As the venerable Chicago radio newsman and commentator Paul Harvey would say, “Here is a strange . . . “

According to the time stamp in the e-mail headers, I received a “Press Advisory” last night, at 11:50 P.M. CST.  The headline of the advisory reads: “Student’s Civil Disobedience and Arrest at Rockefeller Center: Demonstration against the war in Iraq.”

Yet another crackdown on peaceful protest, I thought.  As I’ve written elsewhere, the war in Iraq is not only immoral because of its effects over there, but because of the role it has played in restricting civil liberties at home.  That’s nothing new, of course; Justin Raimondo and Bill Kauffman have both eloquently recalled the works of members of the Old Right, who saw this as a near-universal effect of waging unjust and unnecessary wars.

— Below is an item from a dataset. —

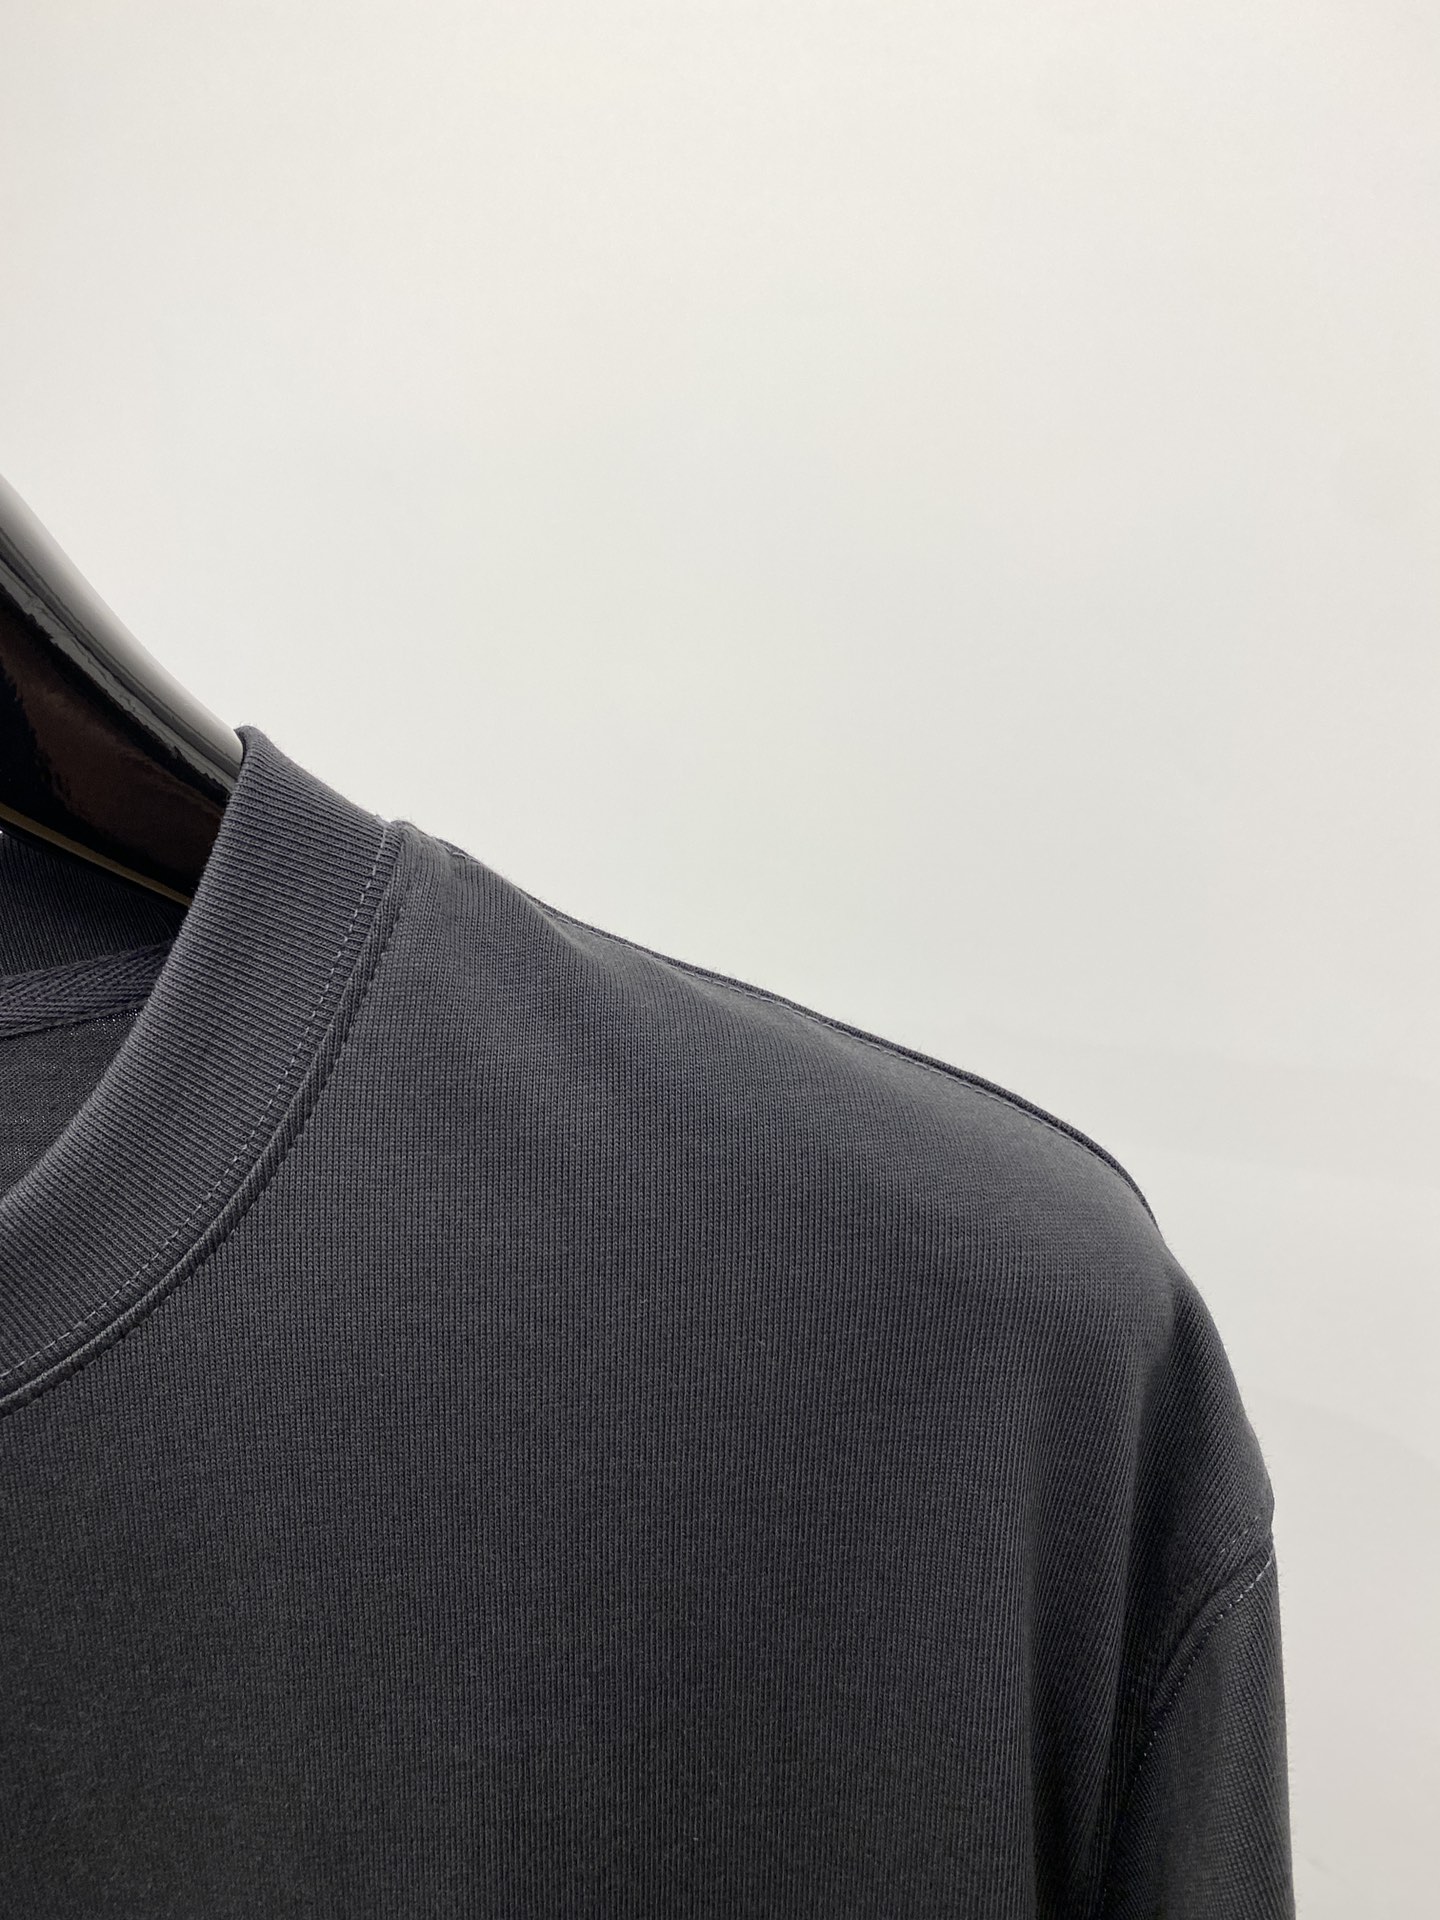 個性的 バレンシアガtシャツ 値段ｎ級品 トップス ファッション 人気 ロゴプリント シンプル 快適 ブラック_3

Time for a post over at Taki’s Top Drawer.  So, I opened the Press Advisory to get the details, and that’s when the Twilight Zone music started playing.  See if you hear it, too:

WHO:  Ashley Casale, who first came to media attention when she organized a march from San Francisco to Washington, D.C. to protest the war and demand impeachment, and a coalition of student organizations from Washington D.C to New York.

WHAT: students have organized a display of civil disobedience to demand an end to the occupation of iraq.

WHERE: Rockefeller Center, NYC in front of famous Christmas Tree display.

WHEN: 4 PM, Sunday December 23, 2007”

So, I’ve received a Press Advisory to inform me of an arrest that hasn’t taken place yet?  What, exactly, does that imply?  That the erosion of our civil liberties is so complete that we can say, with certainty, that an arrest will take place at a peaceful protest where “Students will sit in front of the Christmas Tree at Rockefeller Center and play the John Lennon song, ‘Happy Christmas (War is Over)’ while reading the names of every U.S. soldier killed since the invasion of Iraq in 2003”?

Or does it mean that those students intend to make sure that they are arrested, no matter what it takes?  Or, if we assume that the possessive in the headline is correct and not a mistake, not students, but a student, presumably Ashley Casale?

I want this war to end, as quickly as possible, but I’m not sure that stage-managed media events, designed to draw more attention to their organizers than to the men and women killed for no reason in Iraq, is the way to do it.